Access Control: moats and stockades then, firewalls now. Access control is still one of the soundest principles of information security. Control who may access information when and how and you have removed several vulnerabilities and reduced your risk dramatically. However, the technologies being used for access control change considerably over time. Up until the 1980s to 1990s access control meant control of physical access. Computers were large and heavy and access to them could be controlled pretty strictly and fairly easily. Enter The Network - and things shift completely. Or, to be fair, they get expanded. Physical access control is by then pretty much a commodity: people just do it anyway. What's new is that access to the computers is not only available by physical access but by network access as well. While the Light Side had control for an enjoyable while it was only a matter of time until the Dark Side jumped on the bandwagon and started to use the Net for their sinister purposes. So well, Marcus Ranum writes the DEC SEAL and it starts to get a success quite fast: companies hire firewall administrators to take care of these arcane beasts that are tough to tame (alliteration not intended but gladly taken). Fast forward to today: every simple DSL router for home use has a NAT firewall included; the network guys do the firewalls on the side and up come web services with the nice side effect of tunneling "stuff" across HTTP (yes, and other protocols, but HTTP really is ubiquitous by now and a nice example of the ever changing technologies, thank you).

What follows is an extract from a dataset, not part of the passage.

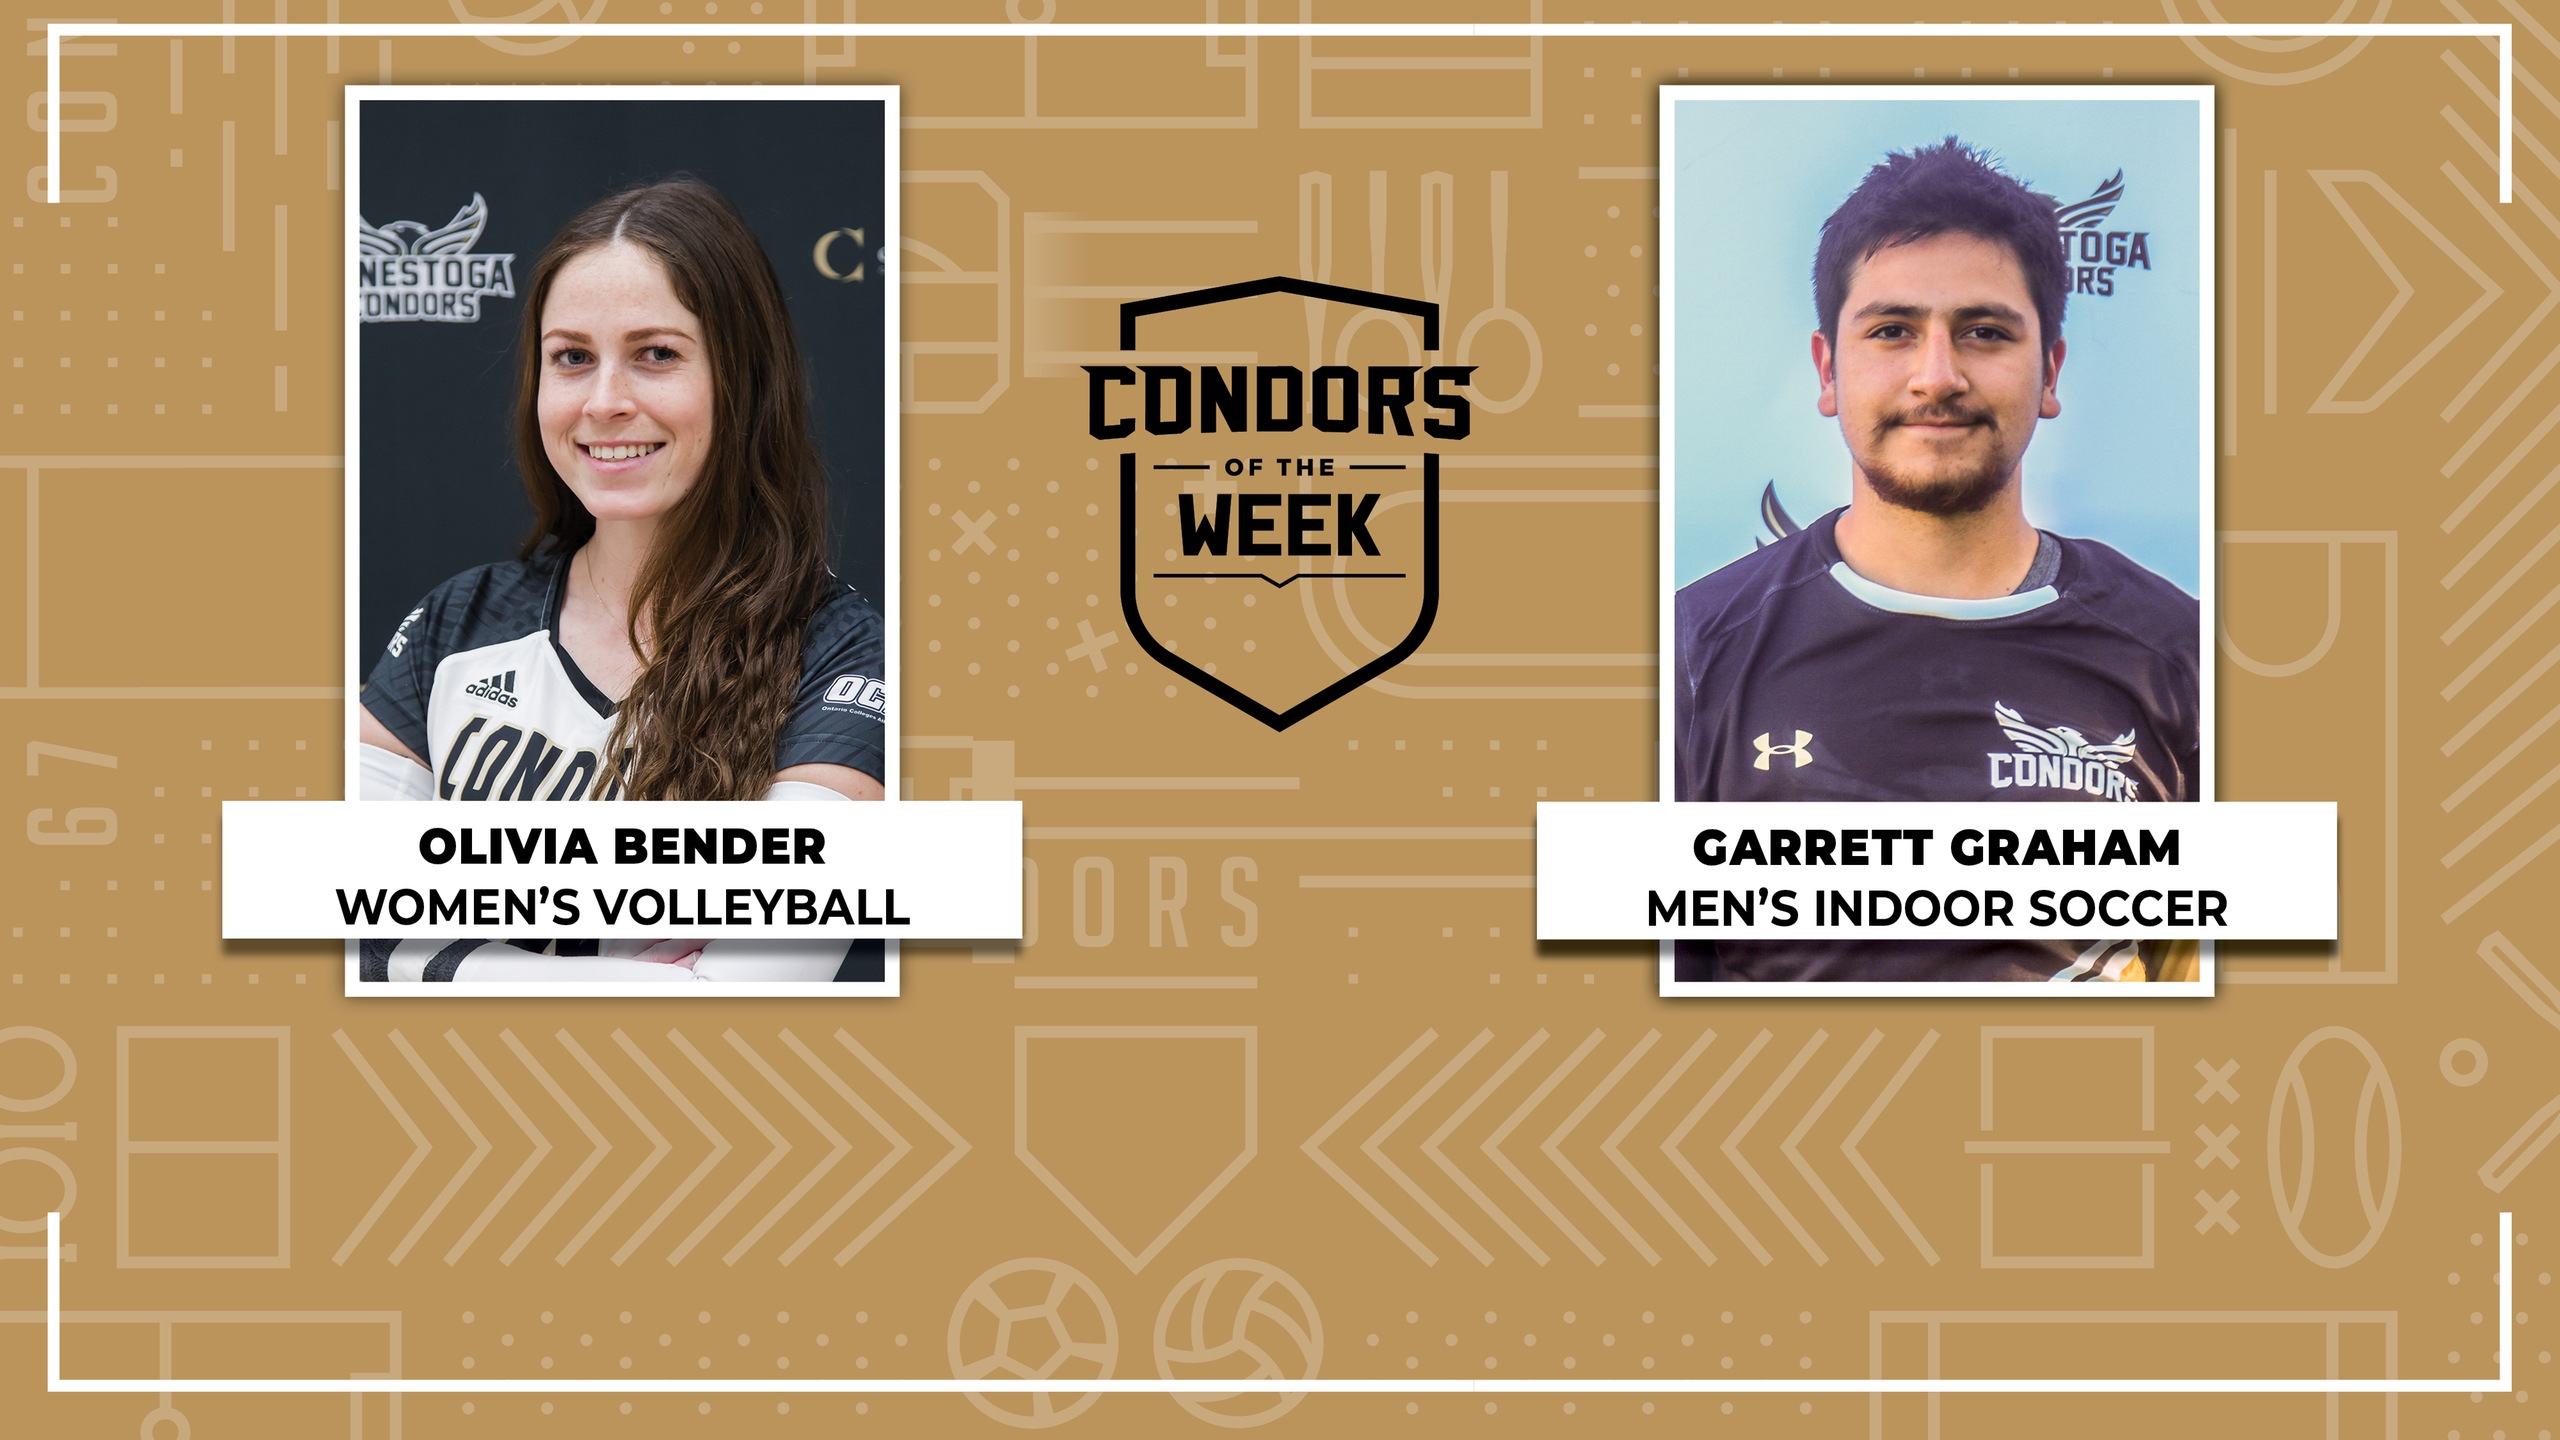 Bender & Graham are Condors Of The Week!

So now we have web application firewalls which really are nothing else than application layer proxies. And so it goes, goes round again. (Kudos to Joe Jackson)

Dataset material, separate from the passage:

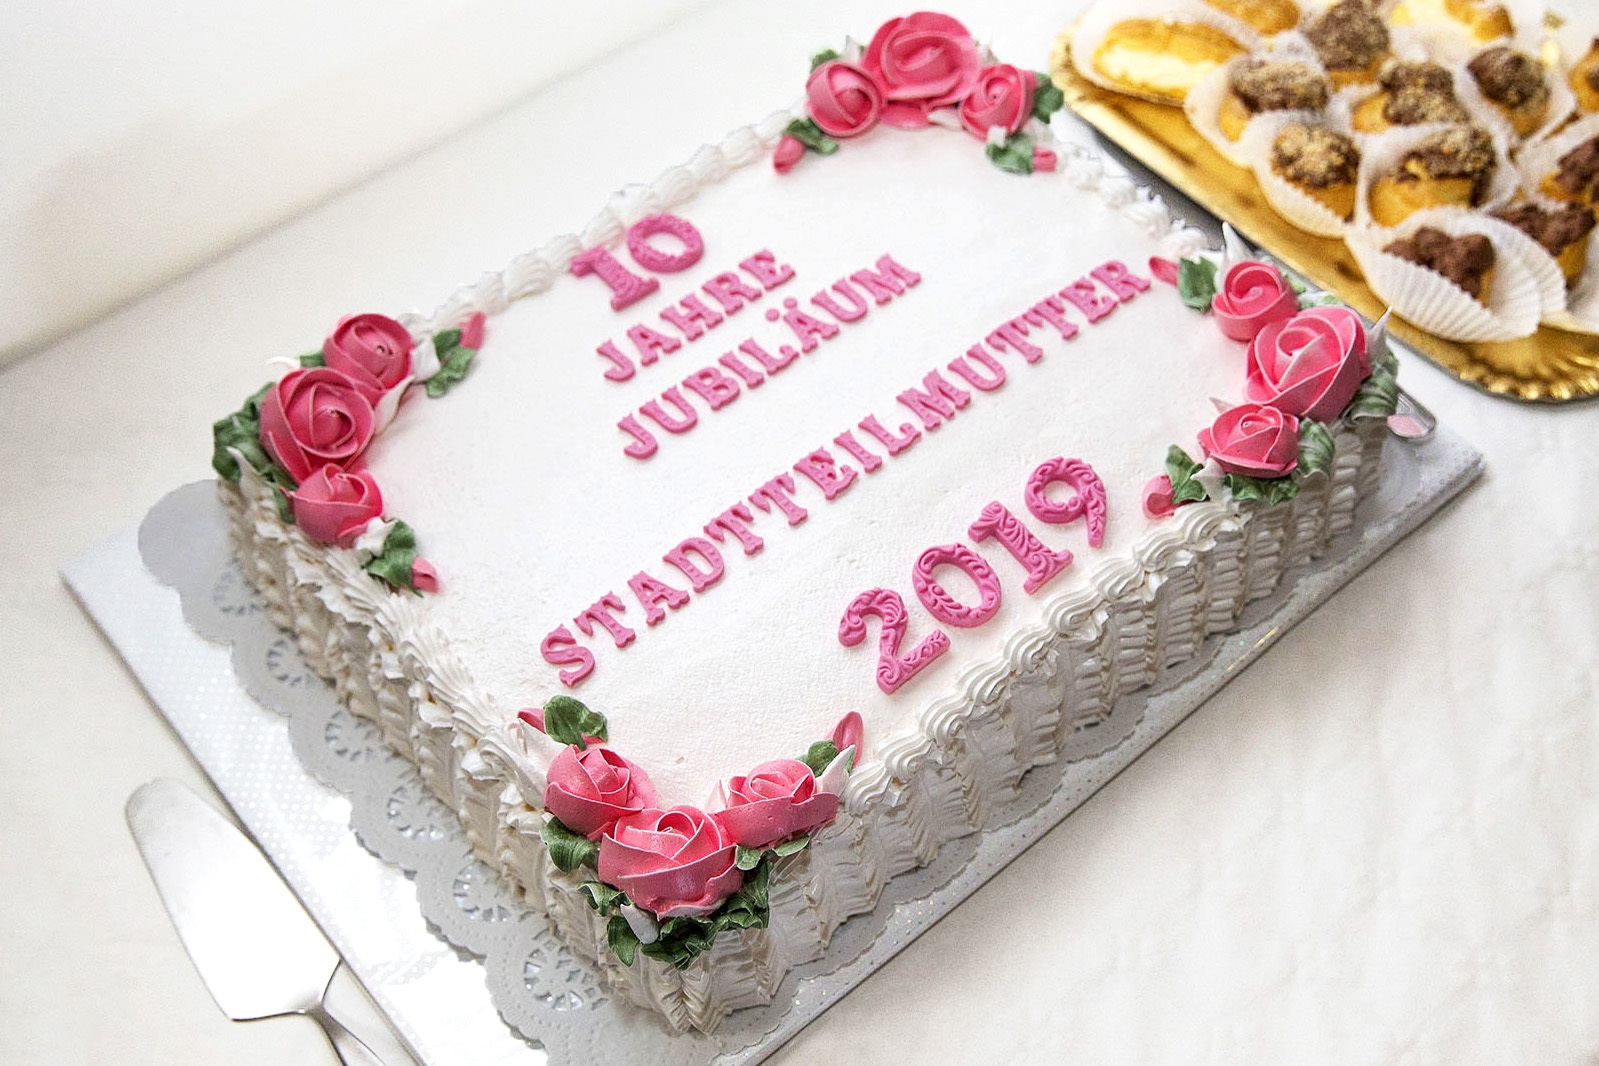 Anniversary cake "10 years of district mothers

Signet Rings and Trusted Certificates - now there you've hit a sore spot, Jon. I don't trust the PKI model with a commercial head - much less even if said head is Verisign. The last piece in the puzzle was their Sitefinder "service" which accidentally broke half the Internet. But really, why do we trust signatures, signets or certificates at all? Chances are, the signature is illegibile anyway so a cursory glance of similarity is all we get. Same with certificates (without even the added benefit of Verisign). No solution there, I'm afraid.

Edicts and Policies - good point, Jon. However, I consider them to lay out the rules by which we play. We agree upon a set of rules to be able to note deviant behaviour and sanction it. Thus, policies and edits are rather useful tools as they prepare the ground for legal skirmishes or, in some cases, provide the opportunity to find out unwanted behaviour in the first place. I wouldn't want to live without them.

Codes and Encryption are powerful tools, too. Unfortunately, many people tend to forget that encryption is a temporary safeguard at best. Even if the encryption algorithm has no known weaknesses it still will fall given enough time. There's the rise in computing power and the change to other technologies (can you say Quantum Encryption? I knew you could!). As long as people recognize this, they are quite secure. All they have to do is select an algorithm that will possibly keep the information secure as long as it has to be classified.

Interestingly enough, the bad guys don't seem to have learned either how to circumvent the safeguards we set up. Either they are as caught in our ways of thinking or there simply Is No Better Way at the moment.

What do you think?

All of this, however, has nothing to do with vendors coming up with new products all along instead of listening to what the customers want - just like in the storage market. Thanks for the eye-opener, Jon!